Despite their remoteness, these mountains have historically seen abuse from humans, going back to when General Patton used this area as a tank training ground during World War II. Even today, the California Aqueduct travels through the center of this range deep underground. Despite this subterranean intrusion, there are no roads in this mountain range, so the area meets many of the requirements for wilderness designation.
There are also many areas in our southwest deserts that could be better managed and protected by extending certain wilderness boundaries. The following are just a few examples.
The Rice Valley Wilderness, created in 1994, consists of the southern section of this valley. However, it should also include the valley’s northern half, due to the importance and uniqueness of that area. The valley consists of a dry lake bed being overtaken by sand dunes blowing in from the northwest, making it part of one of the longest and largest sand dune systems in California. The northern half of this valley was once an open OHV area, but was closed due to lack of visitation in 2002. Biologically, Rice Valley is a hotspot of biodiversity, including sensitive fauna species such as desert tortoise, kit fox, burrowing owl, fringe toed lizard, prairie falcon, and the cheeseweed owlfly (known from only about ten isolated populations worldwide). Recent botanical explorations have also revealed a plethora of rare plant populations, including the world’s largest stand of crucifixion thorn (Castela emoryi), which went unnoticed until 2012. A dozen other sensitive plant species occur here, and there will no doubt be more found in this under-explored area.
The Palen/McCoy Wilderness lies to the west of the Rice Valley Wilderness and consists of several mountain ranges, including the Arica Mountains.
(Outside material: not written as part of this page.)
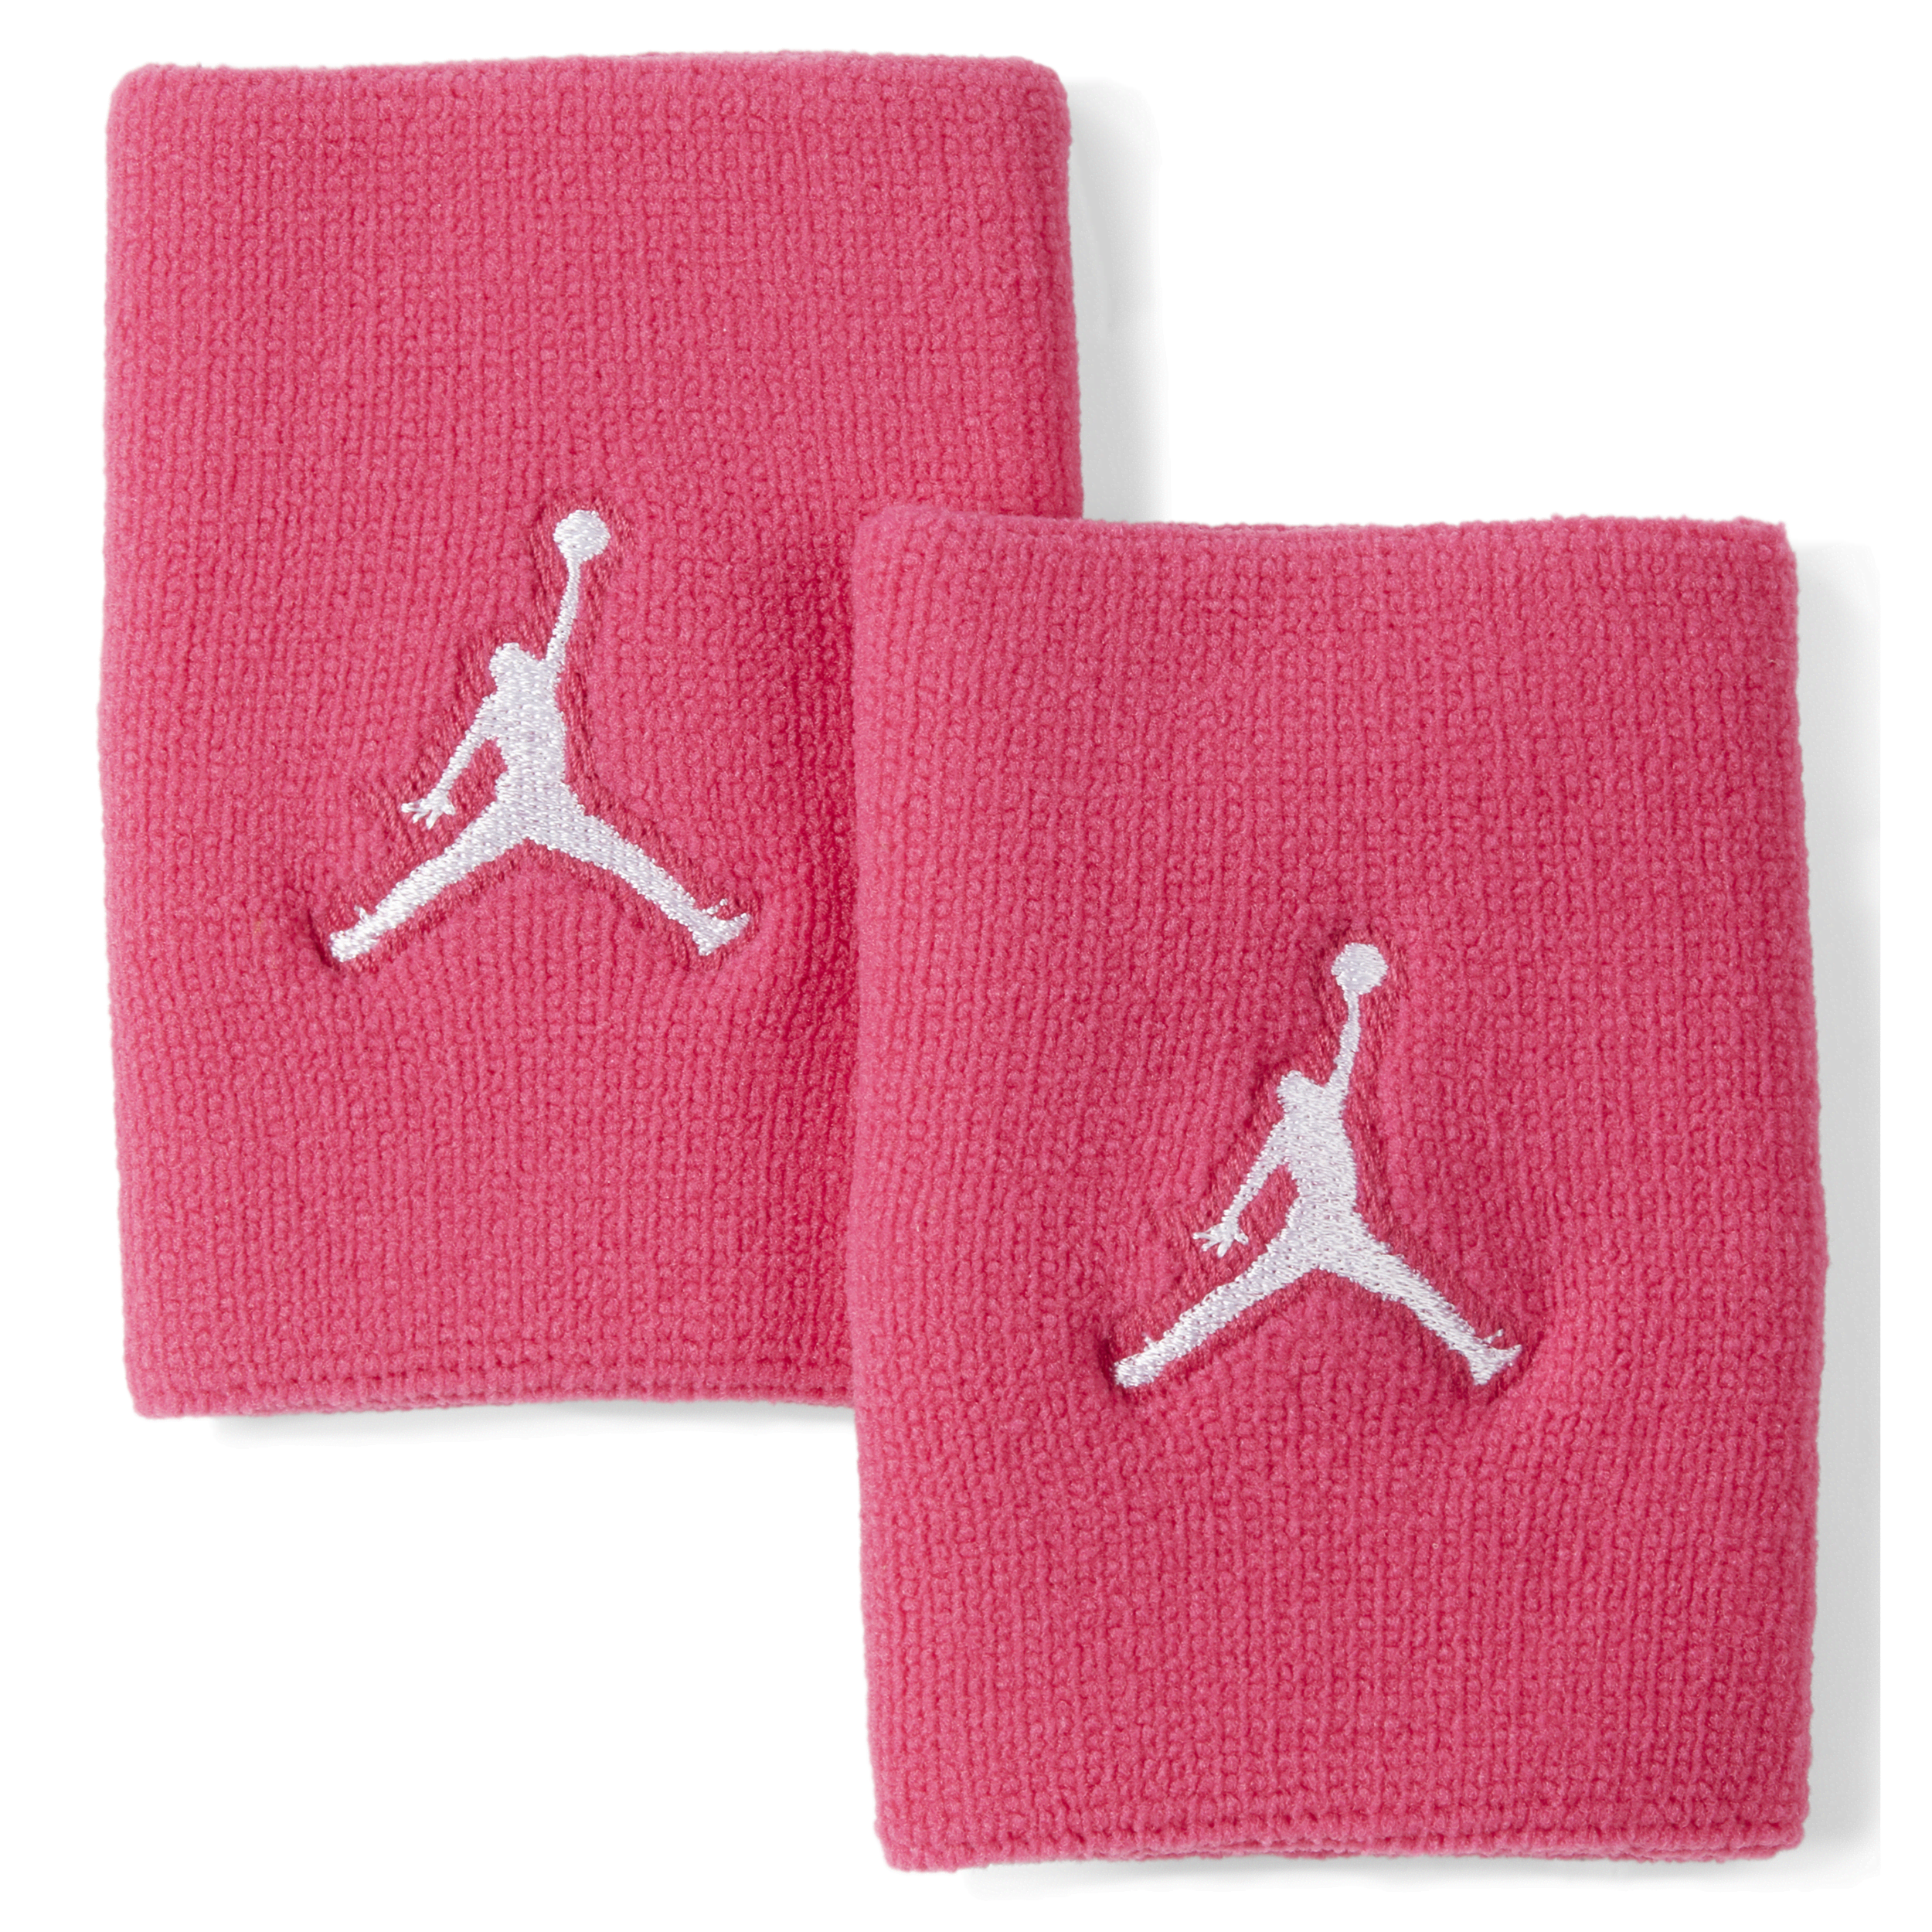 Jordan Jumpman Wristbands In Pink
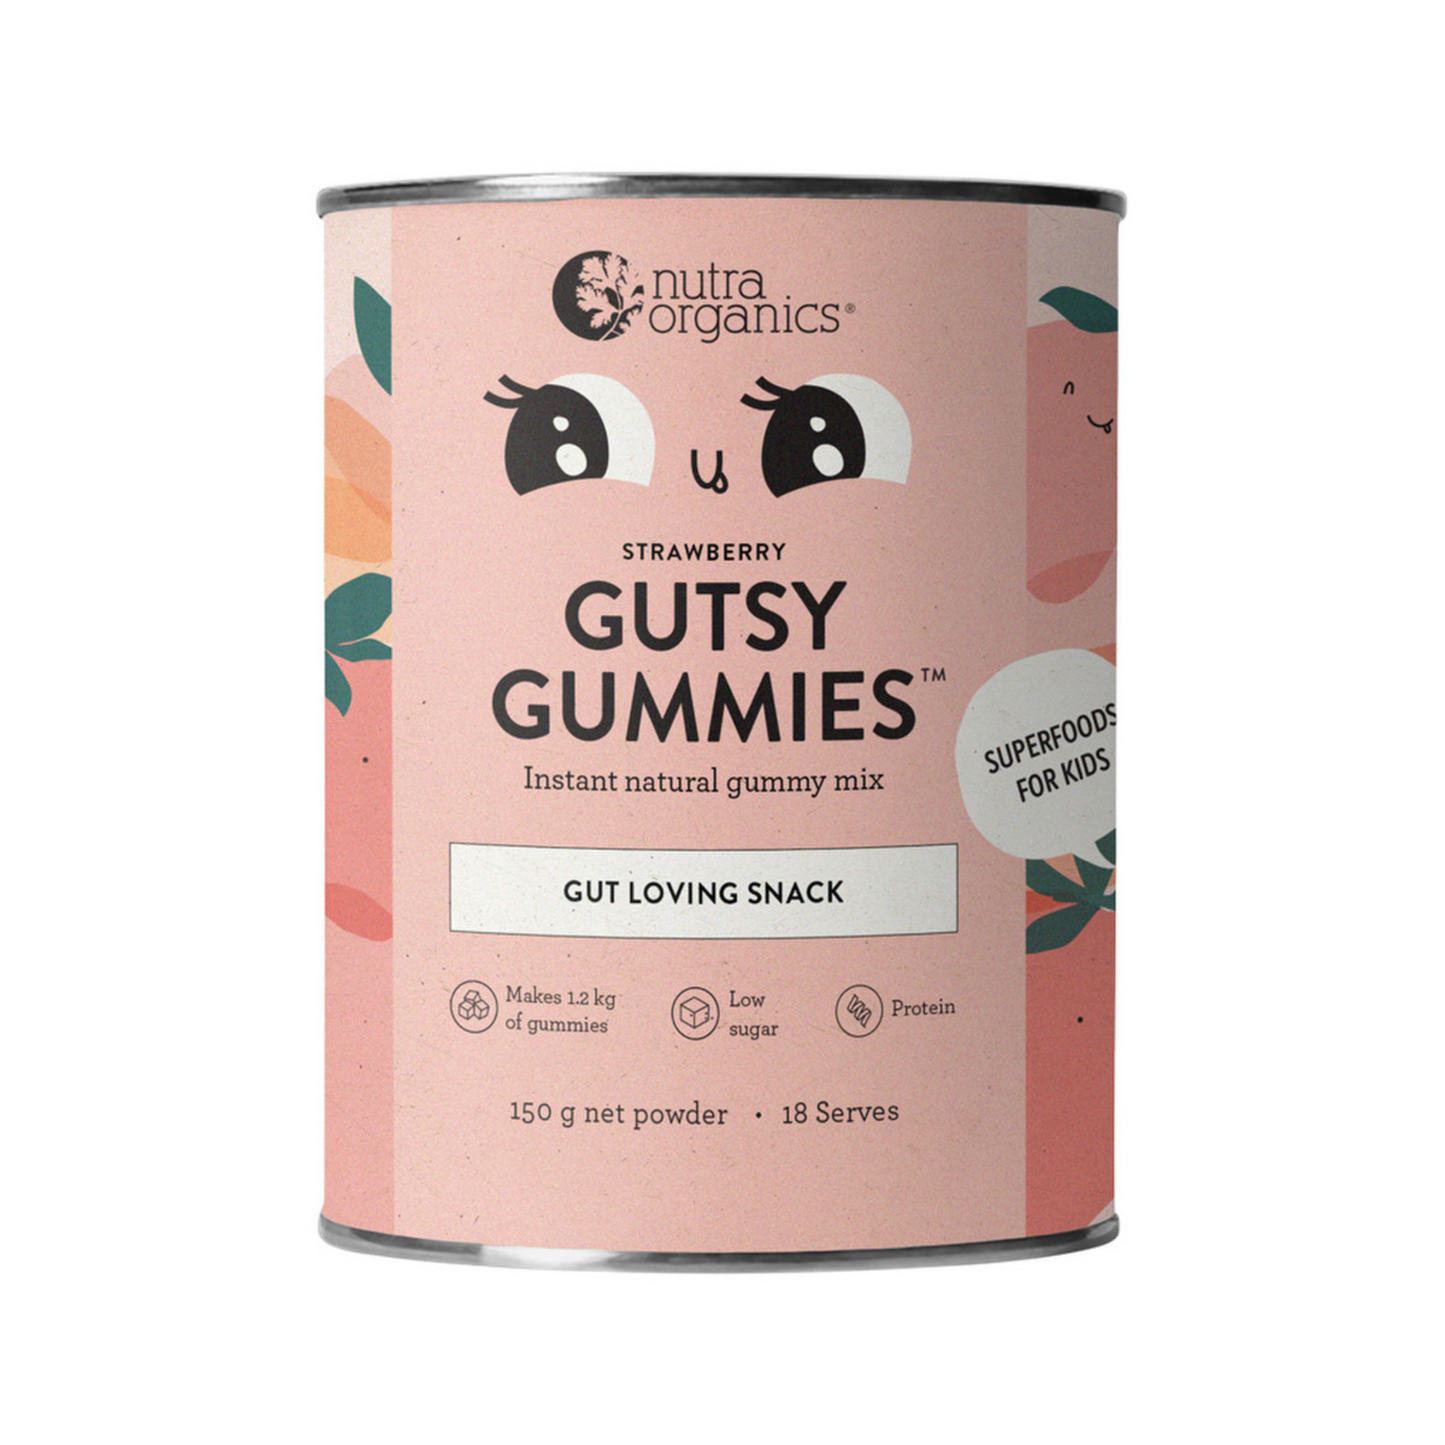 Nutra Organics Gutsy Gummies 150g, Blueberry, Mango Or Strawberry Flavour

However, the wilderness boundary stops along the spine of the Arica Mountains, and really should continue east and north to include all of the sand dunes of this pristine and sensitive area. These sand dunes are a continuation of those in Rice Valley and, as mentioned above, contain a plethora of unique and sensitive species.
Both of these areas outside of current wilderness boundaries are under threat from rough OHV use, heavy grazing, and solar energy projects. There is a development project underway in the northern section of Rice Valley that will include a heliostat 650 feet tall (twice the height of the Statue of Liberty!). This horrible eyesore will be visible for miles around. The project also plans to dig a well in Rice Valley, possibly disrupting the water table of which could severely affect the large stand of crucifixion thorn and other flora and fauna of the area.” It is unlikely that this project can be stopped, but extending the wilderness boundary up to its border will at least prevent further development and bring much needed protection to this unique and beautiful valley.
Throughout this three-part series, I have discussed nine places that should be given wilderness designation. These are just a few examples of remote areas in our southwest deserts that could be, and should be, given wilderness designation or included in previously designated wilderness areas to provide protection and preservation for the future. These scenic and fragile places can’t protect themselves ‒ it is our responsibility to do so.
Duncan Bell is a field botanist for Rancho Santa Ana Botanic Garden and spends most of his time doing floristic work in the under-collected and under-explored mountain ranges of Southern California.